4、多字段匹配:multi_match (多屬性查詢)

 

POST /schools/school/_search

{

    "query": {

        "multi_match": {

            "query":"Saint Paul School",

            "fields": [

               "name","tags"

            ]

          

        }

    }

}

 

multi_match 可以對多字段進行模糊搜索, query 中的搜索字段會被分詞,並各自匹配,fields 字段用來確定搜索的字段。

 

5、語法查詢:query_string (直接寫需要配置的 關鍵字 )

 

POST /schools/school/_search

{

    "query": {

        "query_string": {

            "query":"Saint Paul School",

            "fields": [

               "name","tags"

            ]

          

        }

    }

}

 

query_string 可以對多字段進行模糊搜索, query 中的搜索字段會被分詞,並各自匹配,fields 字段用來確定搜索的字段。

6、字段查詢 term

POST /schools/school/_search

{

    "query": {

        "term": {

            "name":"Saint Paul School"

          

        }

    }

}

 

Term 搜索時,需要沒有空格,不會進行分詞,還需要條件全小寫。要不然查不出來....

 

7、範圍查詢:range ()

 

POST /schools/school/_search

{

    "query": {

        "range": {

           "fees": {

              "from": 1000,

              "to": 2500

           }

        }

       

    }

}

 

組合查詢不好使,大概需要 bool 查詢....

 

8、bool 查詢

 

POST /schools/school/_search

{

    "query": {

        "bool": {

            "must": [

               {

                   "range": {

                      "fees": {

                         "from": 1000,

                         "to": 3000

                      }

                   }

               },

               {

                   "match": {

                      "name": "School"

                   }

               },

               {

                   "wildcard": {

                      "zip": {

                         "value": "17*15"

                      }

                   }

               }

               

            ],

            "boost": 1,

            "must_not": [

               {

                      "term": {

                         "name": {

                            "value": "to"

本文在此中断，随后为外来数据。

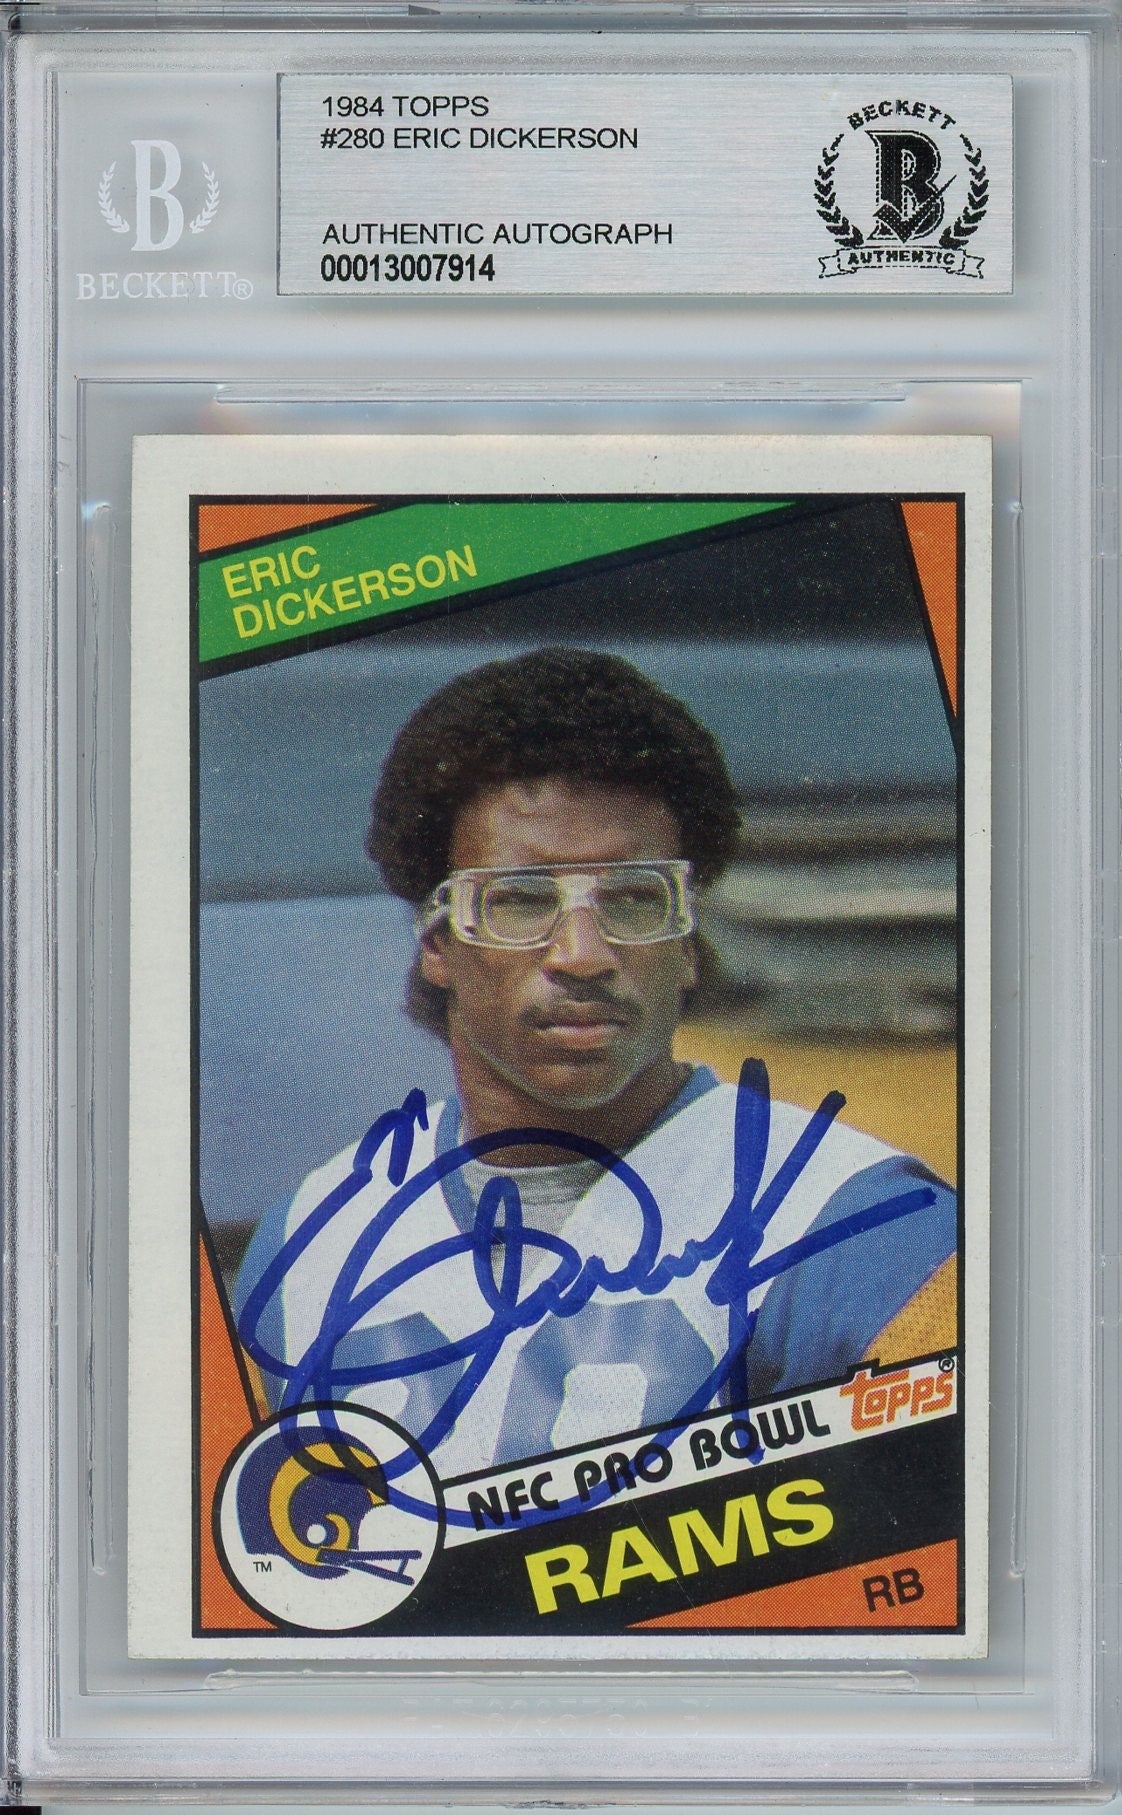 1984 TOPPS ERIC DICKERSON #280 ROOKIE RC BAS AUTO (7914)

                         }

                      }

               }

            ]

  "should": [

            {

               "match": {

                  "city": "paprola"

               }

            }

         ]

        }

 

       

    }

}

9、高亮設置

 

POST /schools/school/_search

{

    "query": {

        "match": {

           "name": "Saint school"

        }

    },

    "highlight": {

        "fields": {

            "name":{}

        }

    }

}

 

10、分頁 from 當前行數,從0開始(是行數,不是頁碼!!)  size 展示條數(下圖,第二行開始,查一條數據)

POST /schools/school/_search

{

    "query": {

        "match": {

           "name": "Saint school"

        }

    },

    "highlight": {

        "fields": {

            "name":{}

        }

    }

    , "from": 1

    , "size": 1

}

11、過濾查詢 ,查詢多個filtersort 以數組的形式查詢。

 

POST /schools/school/_search

{

    "query": {

        "bool": {

            "must": [

               {

                   "match": {

                      "name": "school"

                   }

               }

            ],

            "filter":[{

                "exists": {

                   "field": "name"

                }

                

            },

        {

                "range": {

                   "fees": {

                      "from": 10,

                      "to": 2000

                   }

                }

                

            }

            ]

        }

         

 

    }

    , "from": 1

    , "size": 10

    , "sort": [

       {

          "fees": {

             "order": "desc"

          }

       }

    ]

}

11.1、 id過濾器

11.2、 range 過濾器

11.3、exists 過濾器

11.4、term/terms 過濾器

 

POST /schools/school/_search

{

    "query": {

        "bool": {

            "must": [

               {

                   "match": {

                      "name": "school"

                   }

               }

            ],

            "filter":[{

                "exists": {

                   "field": "name"

                }

                

            },

        {

                "range": {

                   "fees": {

                      "from": 10,

                      "to": 5000

                   }

                }

                

            },

                    {

                "ids":{

                    "values":[1,2,3]

                }

                

            },{

                "term":{

                    "street":"tonk"

                }

            }

            ]

        }

         

 

    }

    , "from": 0

    , "size": 10

    , "sort": [

       {

          "fees": {

             "order": "desc"

          }

       }

    ]

}

 

11、聚合(Aggregations)

聚合提供了功能可以分組並統計你的數據。理解聚合最簡單的方式就是可以把它粗略的看做SQLGROUP BY 操作和SQL 的聚合函數。

ES中常用的聚合:

Metric(度量聚合) :度量聚合主要針對number類型的數據,需要ES做比較多的計算工作

Bucketing (桶聚合):劃分不同的“桶”,將數據分配到不同的“桶”裏。非常類似sql中的group By 語句的含義。

 

ES中的聚合API(格式)

"aggregations" : {          // 表示聚合操作,可以使用aggs替代

  "<aggregation_name>" : {  // 聚合名,可以是任意的字符串。用做響應的key,便於快速取得正確的響應數據。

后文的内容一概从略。